--- YOUR ASSIGNMENT ---
With the images removed, return every line below exactly as it reads.

--- GIVEN INFORMATION ---
= Beginning of Section =
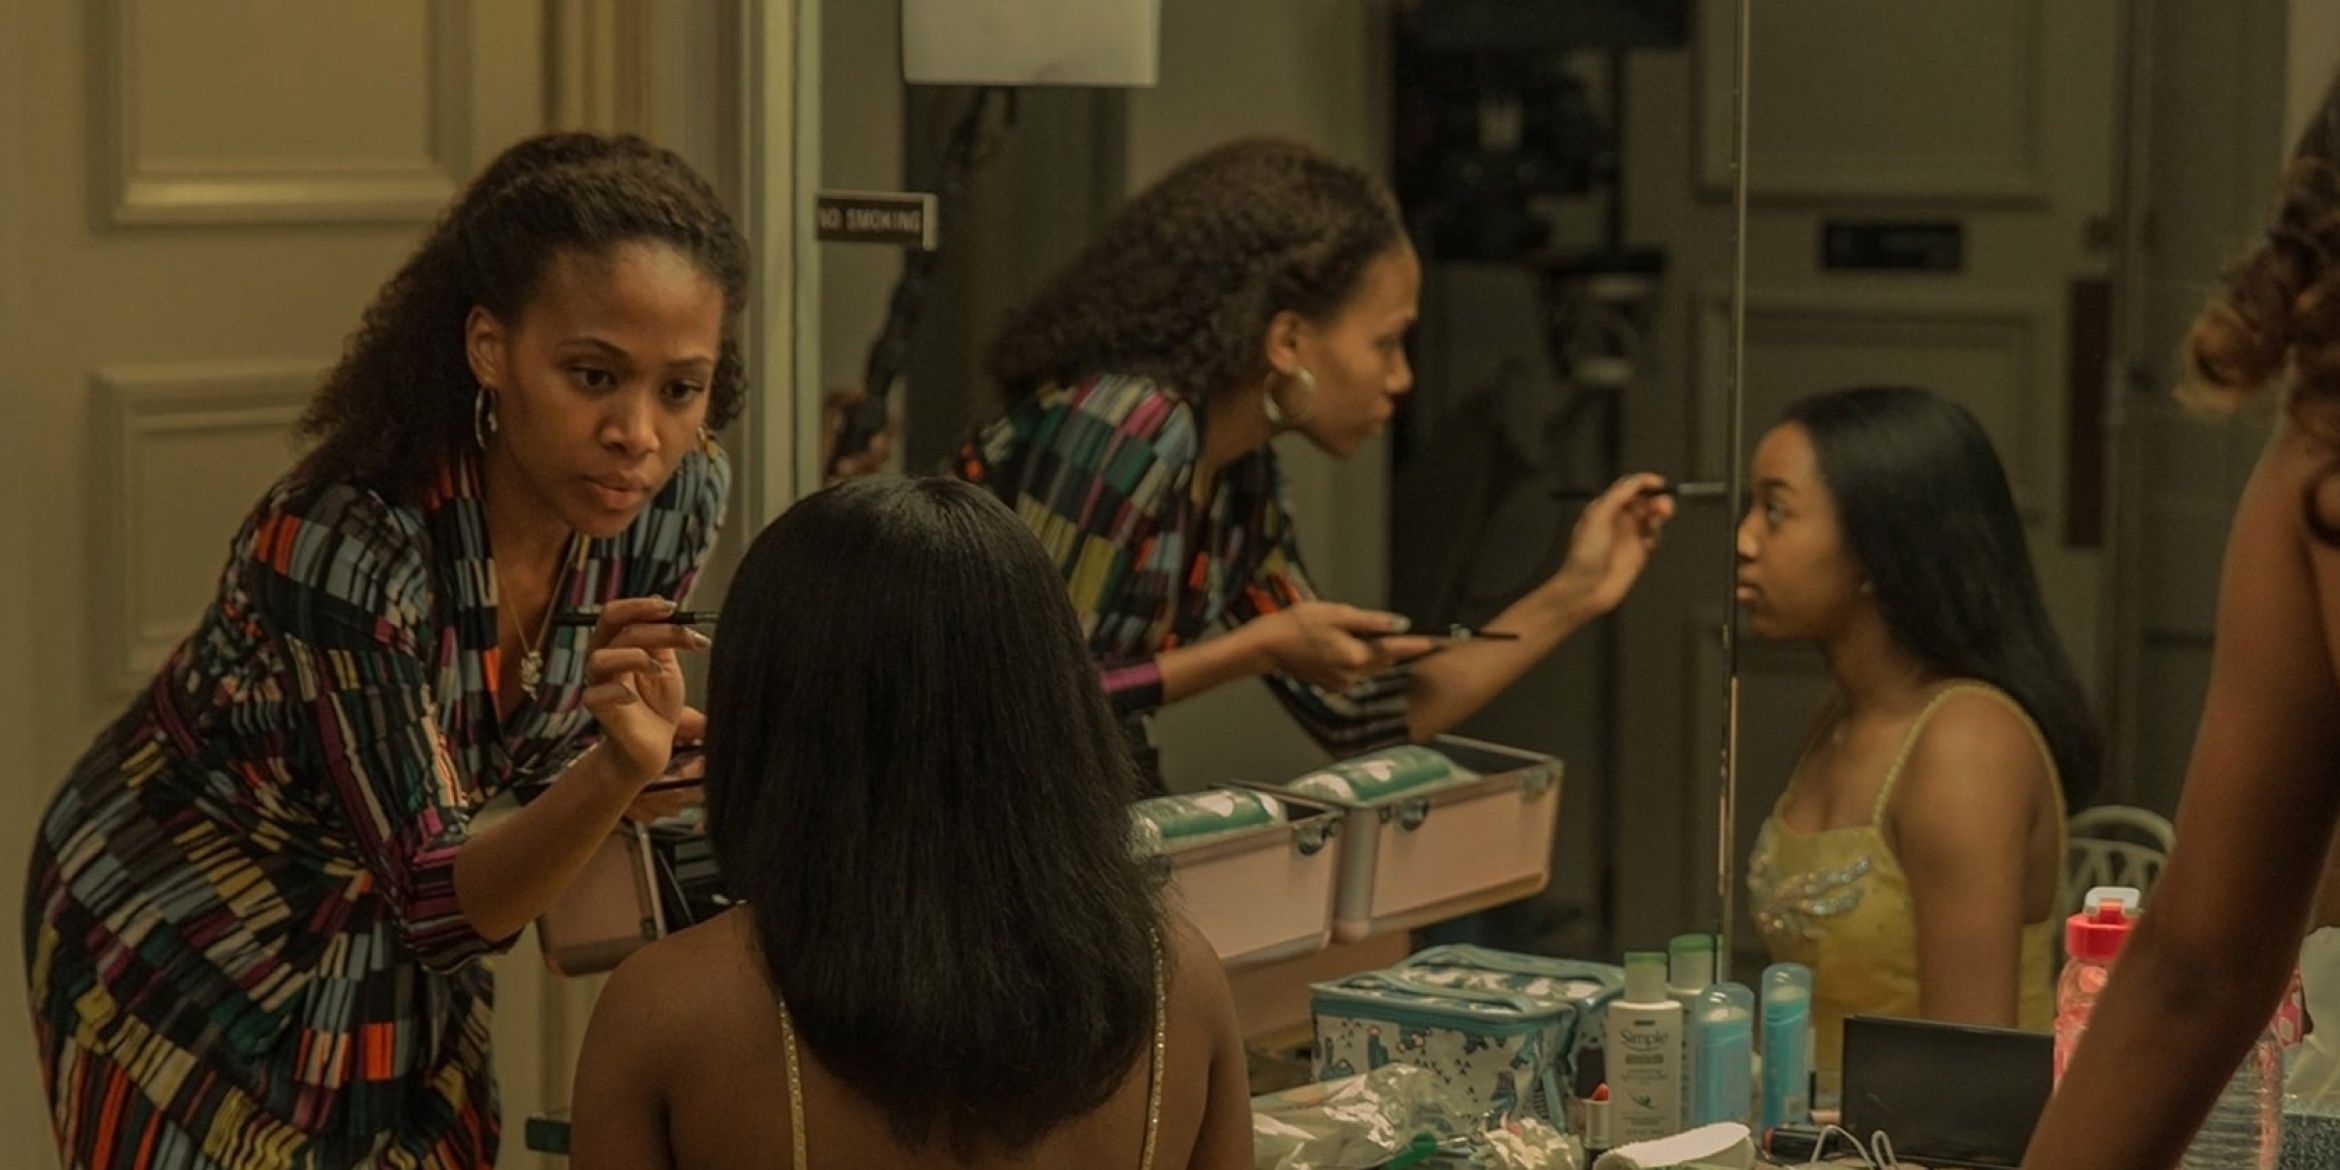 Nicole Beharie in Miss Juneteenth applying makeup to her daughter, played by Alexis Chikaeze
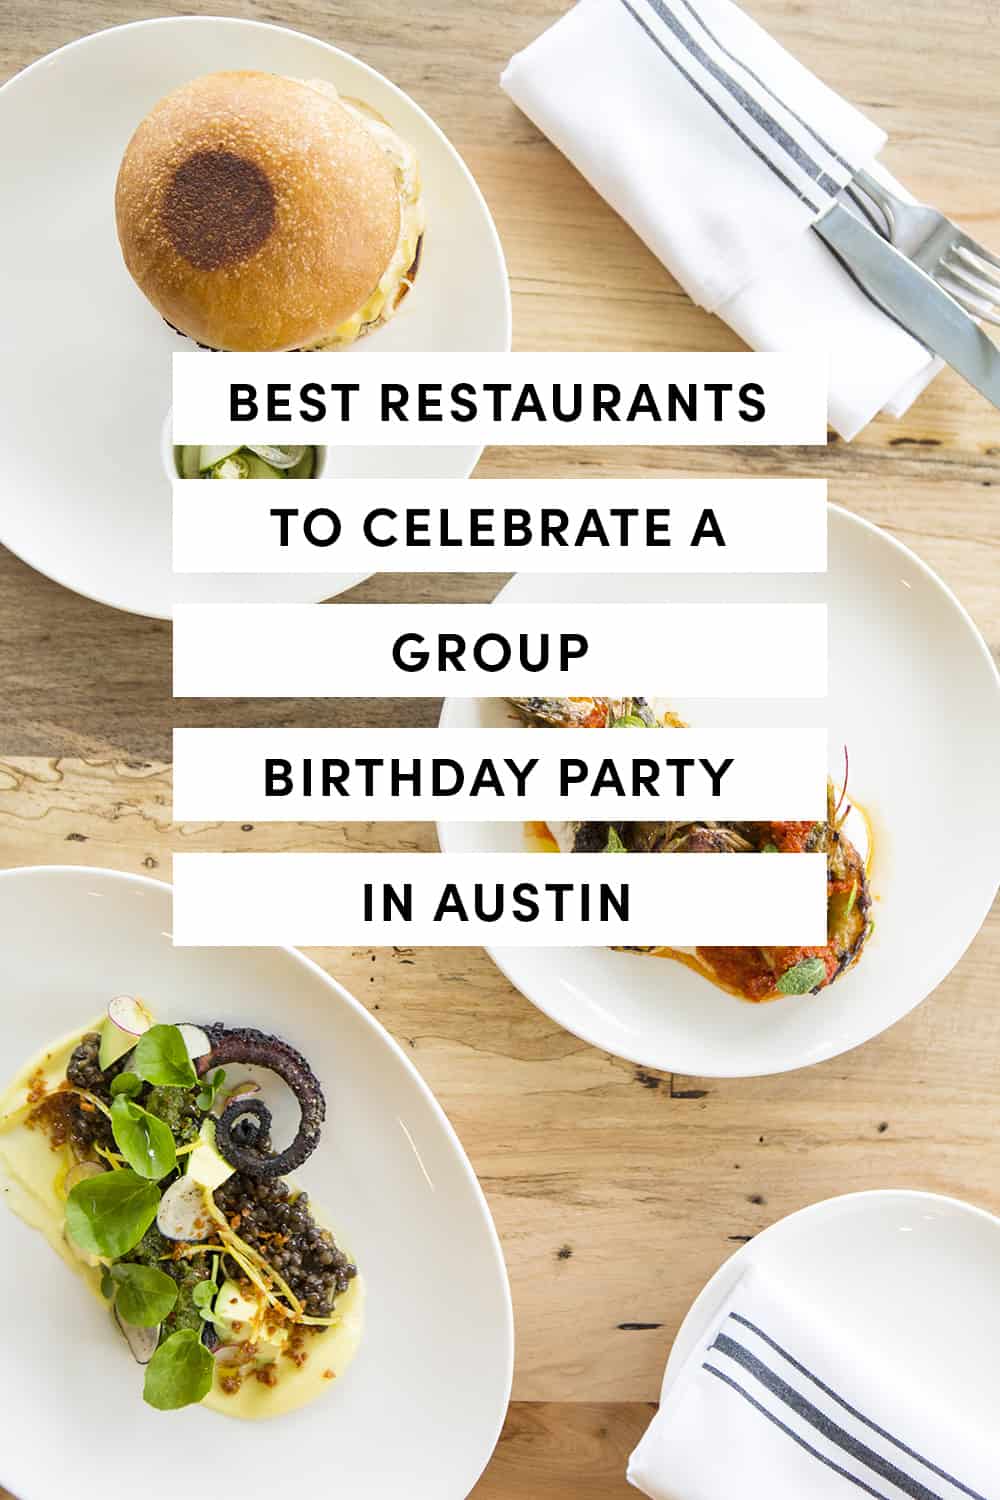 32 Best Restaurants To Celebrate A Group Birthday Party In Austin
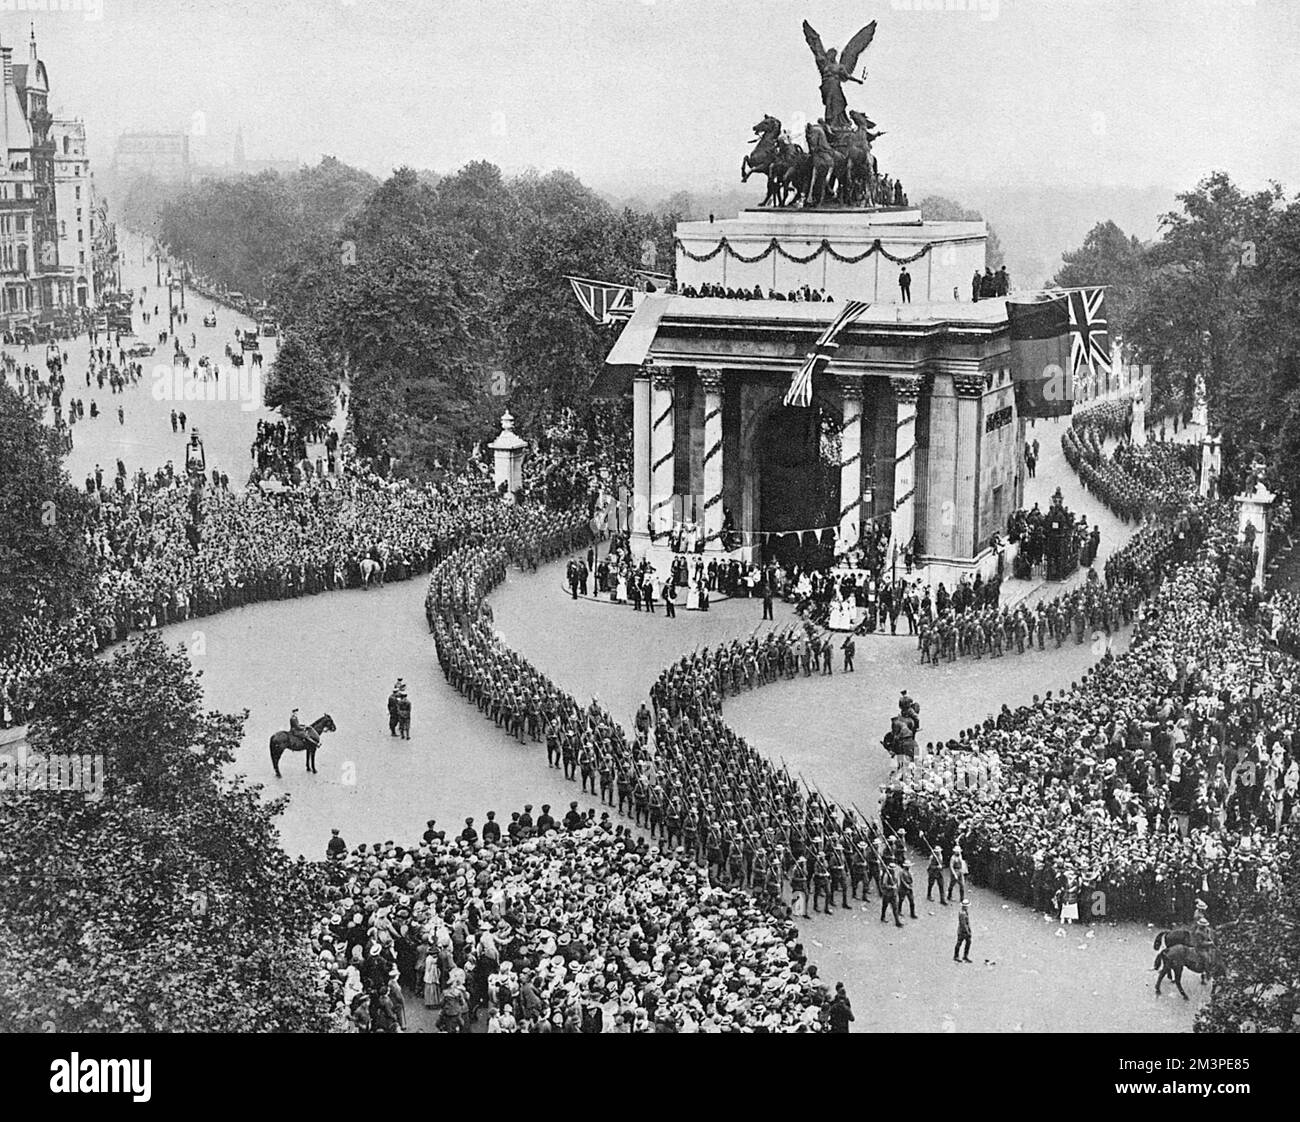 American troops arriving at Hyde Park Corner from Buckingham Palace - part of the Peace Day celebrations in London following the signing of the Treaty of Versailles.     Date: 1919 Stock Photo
= End of Section =
--- FINAL ANSWER ---
 Nicole Beharie in Miss Juneteenth applying makeup to her daughter, played by Alexis Chikaeze
 32 Best Restaurants To Celebrate A Group Birthday Party In Austin
 American troops arriving at Hyde Park Corner from Buckingham Palace - part of the Peace Day celebrations in London following the signing of the Treaty of Versailles.     Date: 1919 Stock Photo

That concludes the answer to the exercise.